"""
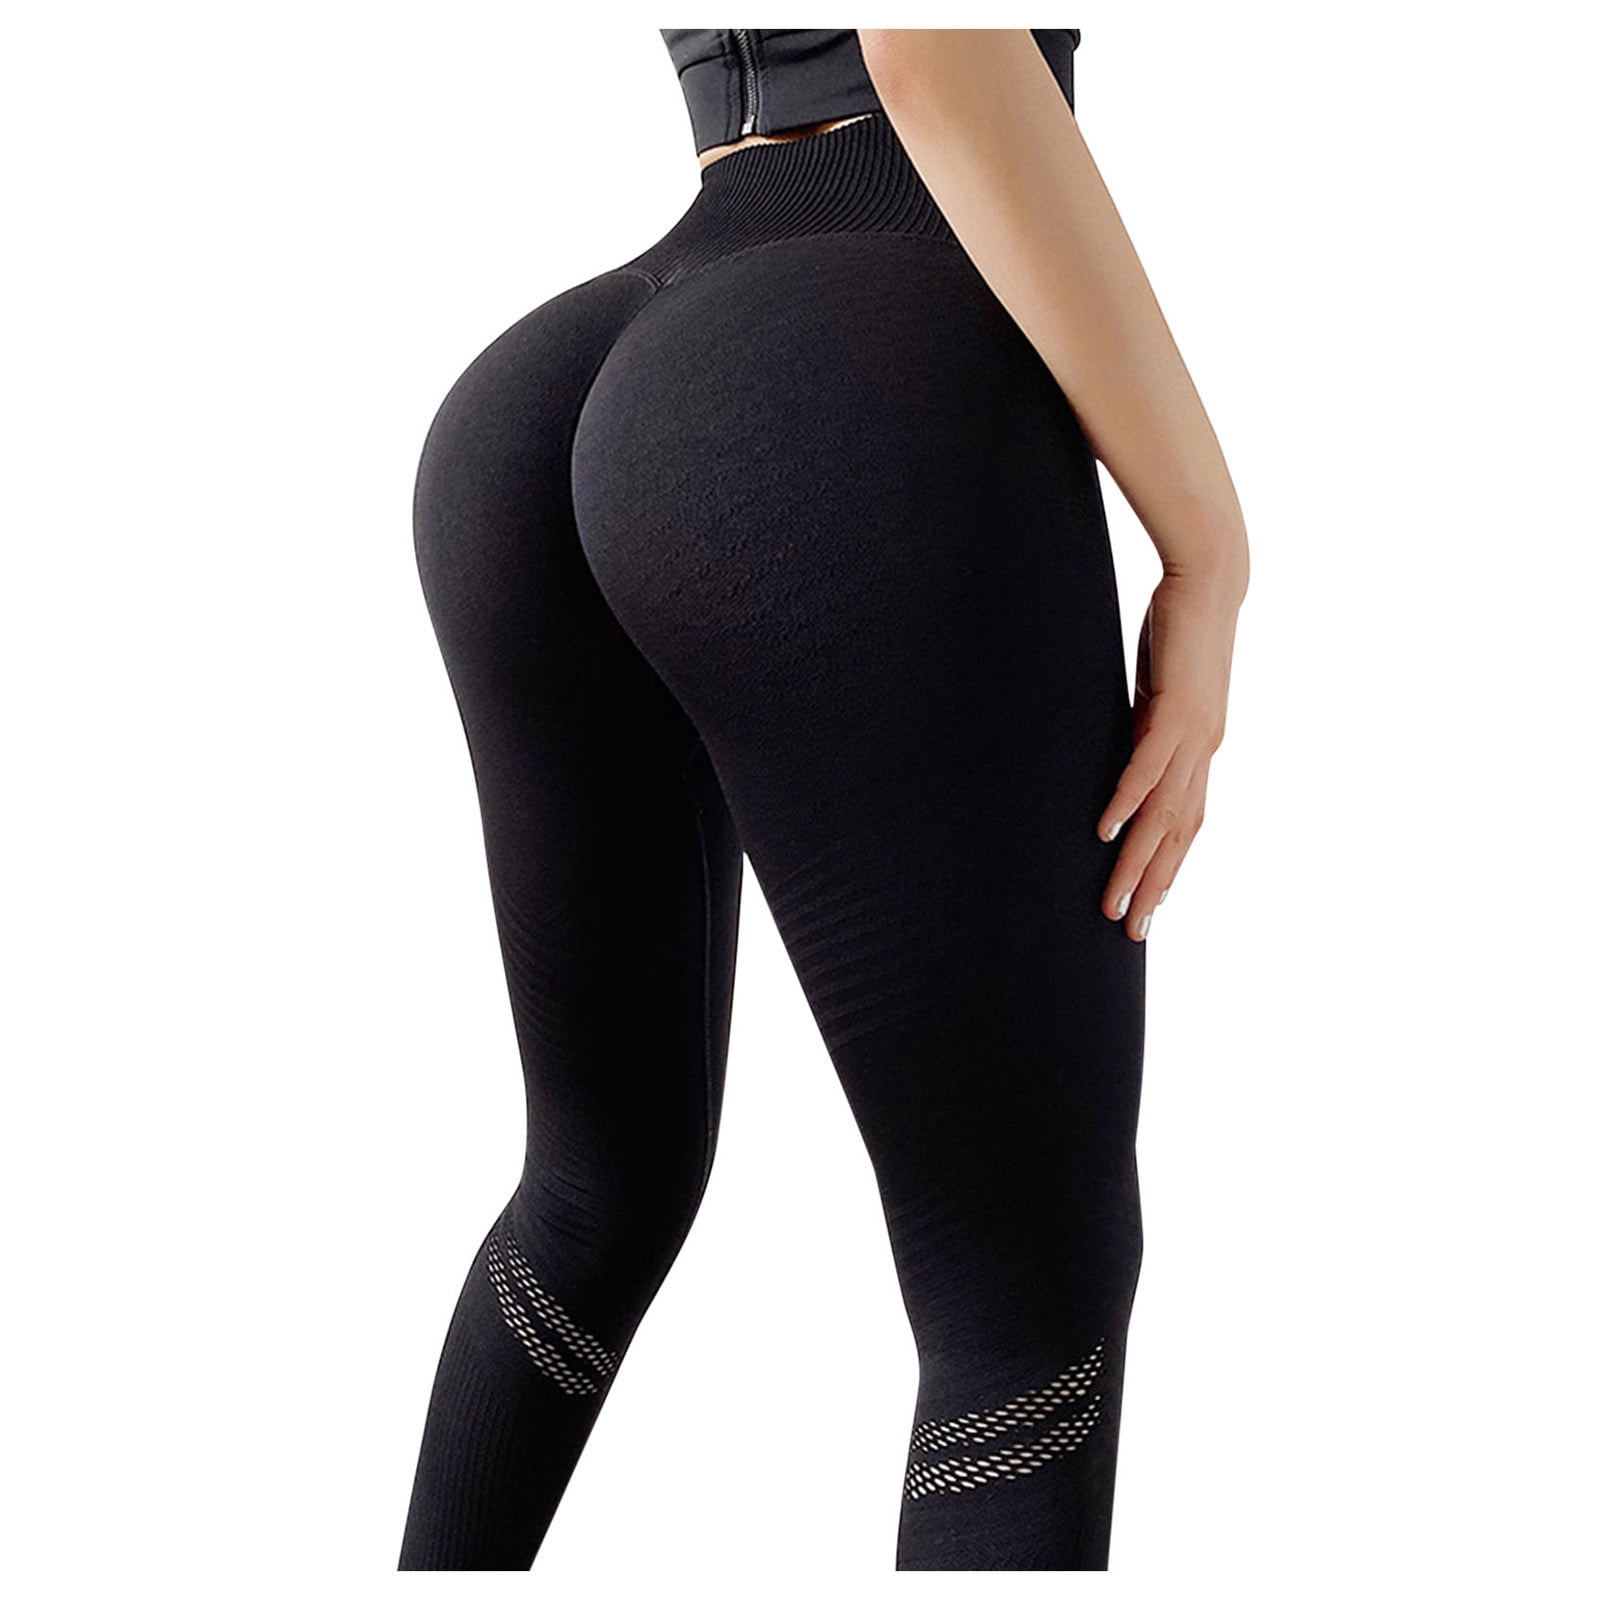 MixMatchy Women's Thick High Waist Yoga Pants Tummy Control Slimming Booty  Leggings Workout Running Butt Lift Tights Black S at  Women's  Clothing store
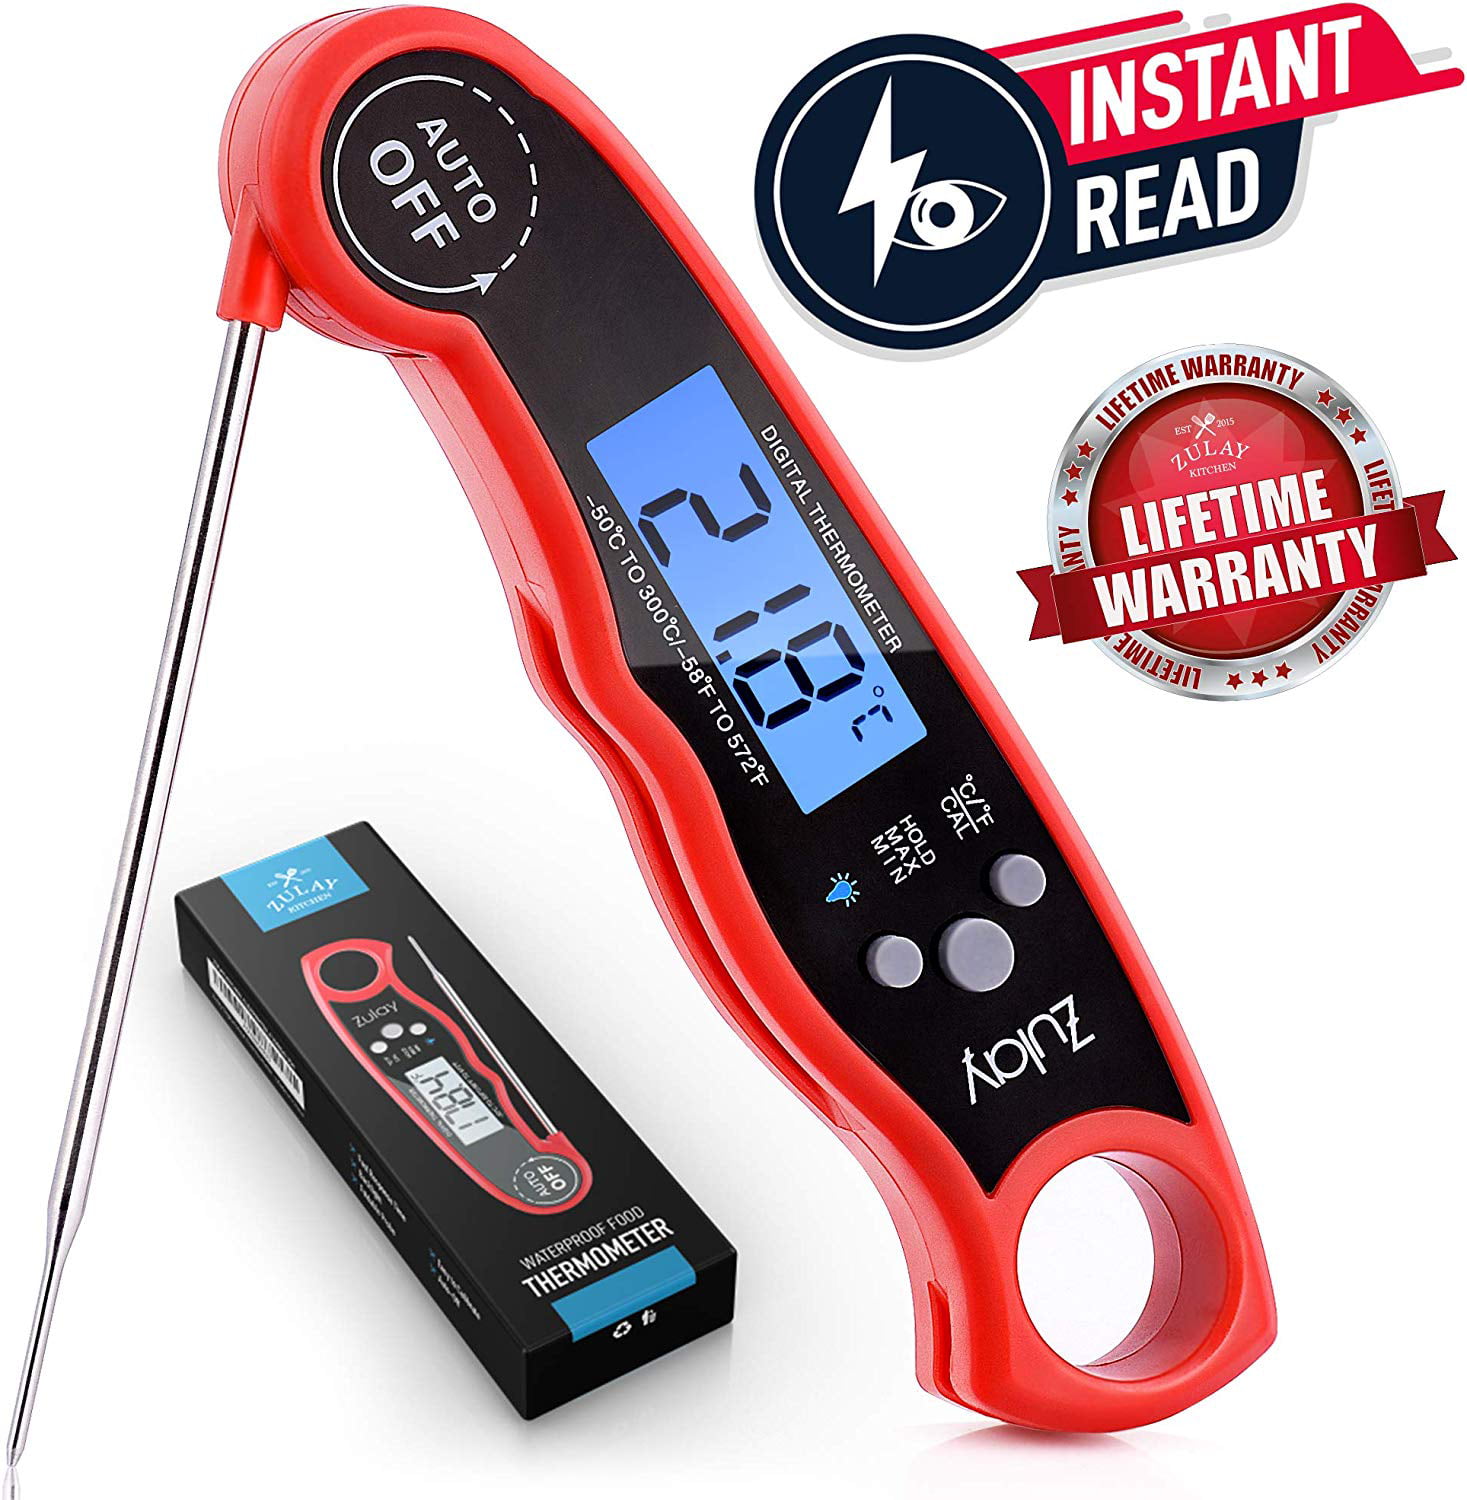 Instant meat thermometer
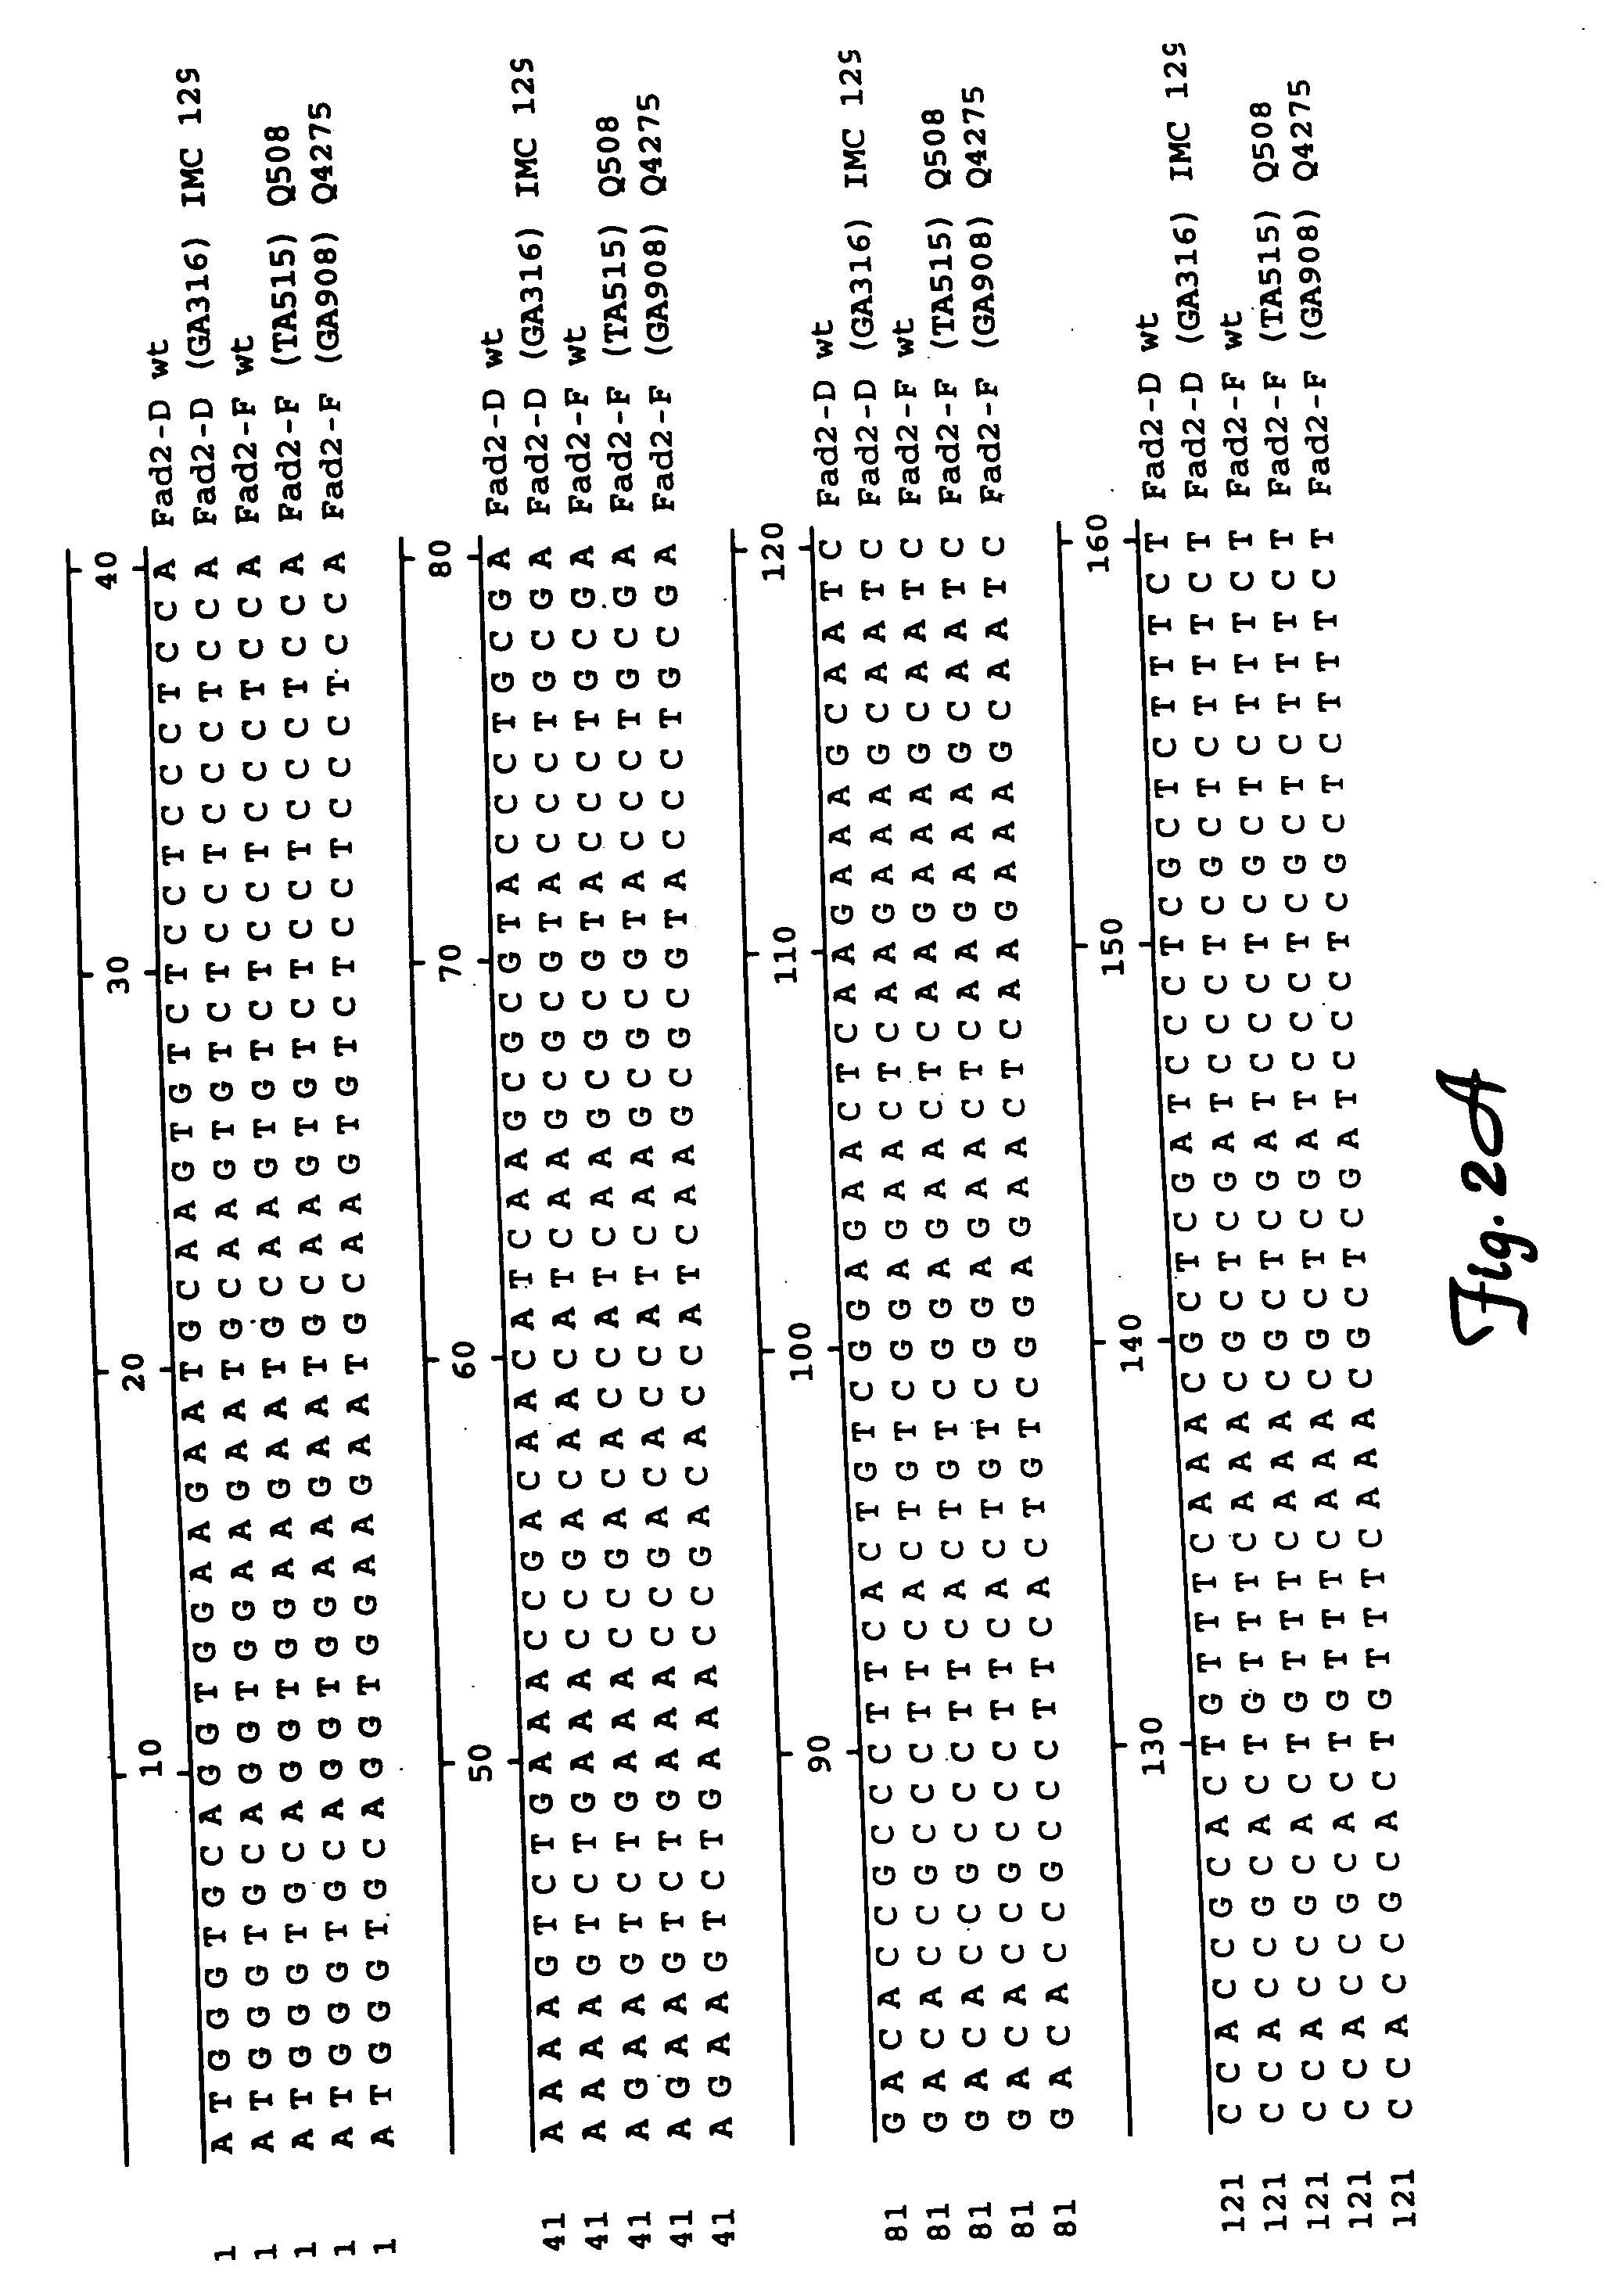 Fatty acid desaturases and mutant sequences thereof
"""
[Brief]
All that should be printed is the lines from the one containing "Instant meat thermometer" through the last line of the material above, both ends included, exactly as they stand; please skip the pictures.

[Response area]
 Instant meat thermometer
 Fatty acid desaturases and mutant sequences thereof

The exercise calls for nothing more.